Scientists have raised alarms over the widespread increase in dry areas across the globe, warning that 77.6 per cent of the Earth’s land likely became permanently drier in the three decades leading up to 2020, compared to the previous 30-year period (1961-1990).
In a stark new analysis released on December 9, 2024, United Nations scientists revealed that 4.3 million square kilometres of previously humid landscapes had transitioned into drylands — areas where precipitation is less than 65 per cent of the atmospheric evaporative demand.
This transition has dire implications for agriculture, ecosystems and the livelihoods of those dependent on these regions, as reduced rainfall affects crops, pastures, people and nature.
Such lands now account for 40.6 per cent of the Earth’s total land area (excluding Antarctica). To put this into perspective, this expanse is nearly a third larger than India, the world’s seventh-largest country. Further, if the world fails to curb greenhouse gas emissions, another 3 per cent of the world’s humid areas will become drylands by the end of this century.
These statistics were among the many grim revelations from the landmark report, The Global Threat of Drying Lands, launched at the Conference of Parties (COP16) to the UN Convention to Combat Desertification (UNCCD) in Riyadh, Saudi Arabia. The report aims to quantify both historical and projected future dryland expansions, offering critical insights into their impacts worldwide.
Increasing aridity threatens people and ecosystems in nearly every global region, the report highlighted. The paper is significant because, for the first time, scientists from the UNCCD’s Science-Policy Interface, which works to bridge the gap between science and policy, have clearly documented current and future drying trends and impacts.
Aridity differs from drought in its nature and duration and is considered the world’s largest single driver behind the degradation of agricultural systems. Droughts are short-term anomalies characterised by periods of low rainfall, often linked to high temperatures, low precipitation and reduced air humidity. In contrast, aridity reflects a persistent, long-term lack of available moisture needed to sustain most terrestrial life.

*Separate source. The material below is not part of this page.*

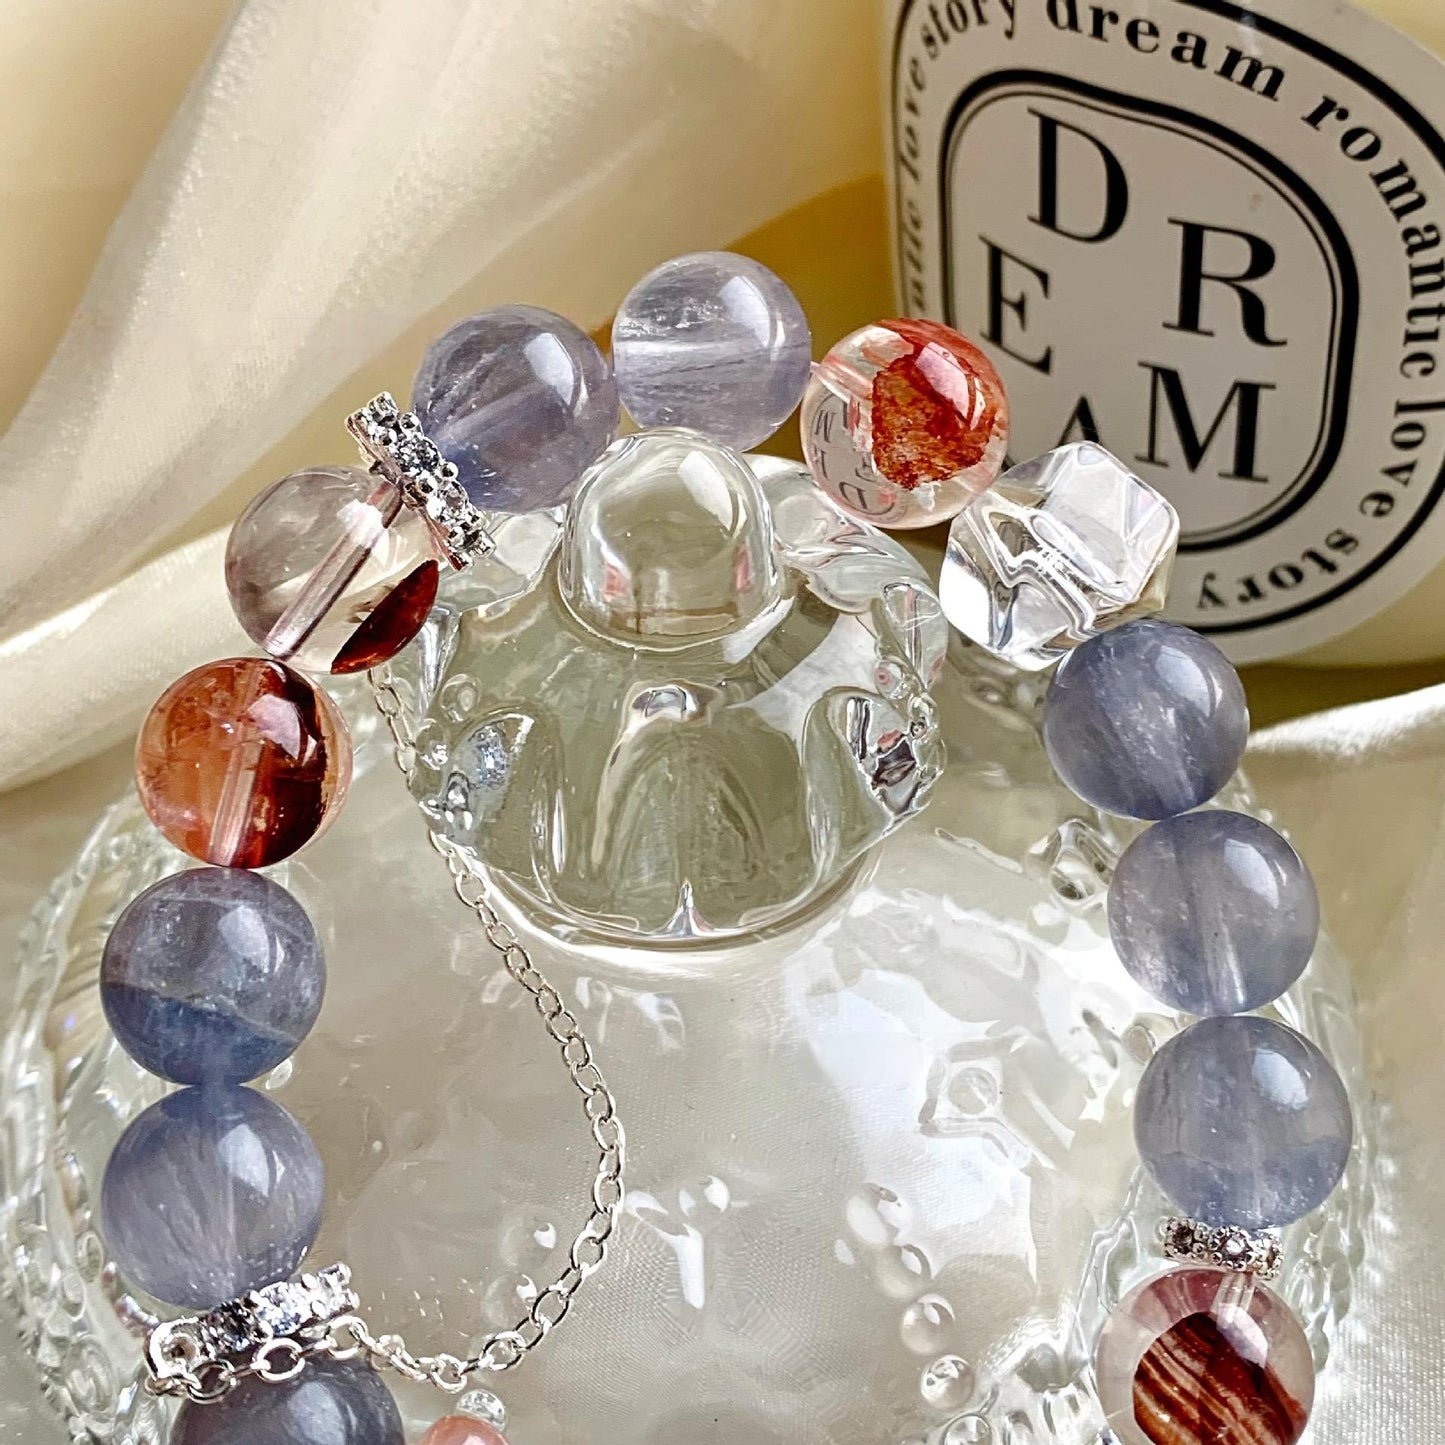 August.Eternal happiness.Advanced handmade custom natural crystal bracelet

A harsh differentiation is that while droughts also cause massive losses, those end and recovery is possible. But “when an area’s climate becomes drier, however, the ability to return to previous conditions is lost. The drier climates, now affecting vast lands across the globe, will not return to how they were and this change is redefining life on Earth,” Ibrahim Thiaw, UNCCD executive secretary, said.
The report pointed out that much of aridity’s recent rise can be attributed to human-caused climate change and that no region on the planet was projected to transition from historical drylands to future wetlands.
Currently, 2.3 billion people inhabit drylands — a figure that has doubled over the past three decades. In a worst-case climate scenario, this number could rise to five billion by 2100. “These billions of people face even greater threats to their lives and livelihoods from climate-related increases in aridification and desertification,” the report warned.
Asia is home to 1.35 billion dryland inhabitants, more than half the global total. China, India and Pakistan together account for about 50 per cent of the global dryland population. Meanwhile, nearly half of Africa’s population (620 million people) also lives in these arid regions.
Rising aridity has already taken a toll on economies. Between 1990 and 2015, African nations recorded a 12 per cent decline in gross domestic product (GDP) due to aridity.
Among Asian nations, aridification — which has a greater impact than precipitation or temperature alone — was considered responsible for a 2.7 per cent GDP drop over the same period.
While few climate-model projections directly linked future aridity to poverty, climate drying was expected to exacerbate poverty, resulting in GDP growth losses of approximately 16 per cent and 6.7 per cent in Africa and Asia, respectively, according to the analysis.
Increasing aridity was expected to play a role in larger and more intense wildfires in the climate-altered future, with a 74 per cent expected increase in wildfire-burned areas in California and 40 per cent additional annual high fire danger days in Greece by 2100 compared to late 20th century levels.
At least 55 per cent species (mammals, reptiles, fish, amphibians, and birds) were at risk of habitat loss from aridity in hotspots like arid regions in west Africa, western Australia, Iberian Peninsula and humid regions of southern Mexico and northern Amazon rainforest.
In parts of the world where future aridity increases are expected to worsen desertification, sand and dust storms are expected to become more common and harmful as well.
Sand and dust storms have been strongly linked to aridity (or prolonged drought conditions), along with other factors that contribute to desertification and the loss of vegetation cover, such as unsustainable land use.
Calling aridity a global, existential peril, the report also highlighted how previously it was shrouded by a “fog of scientific uncertainty,” as for years, rigorously documenting aridity’s rise was challenging and controversial.
“Its long-term nature and the complexity of aridity-determining processes — rainfall, evaporation and plant transpiration, among others — led to conflicting results and an abundance of scientific caution,’ it said.
The report will be critical for nations to track aridity’s changes and develop policies and approaches for slowing its climb, reducing its impacts and adapting to a perennially drier landscape.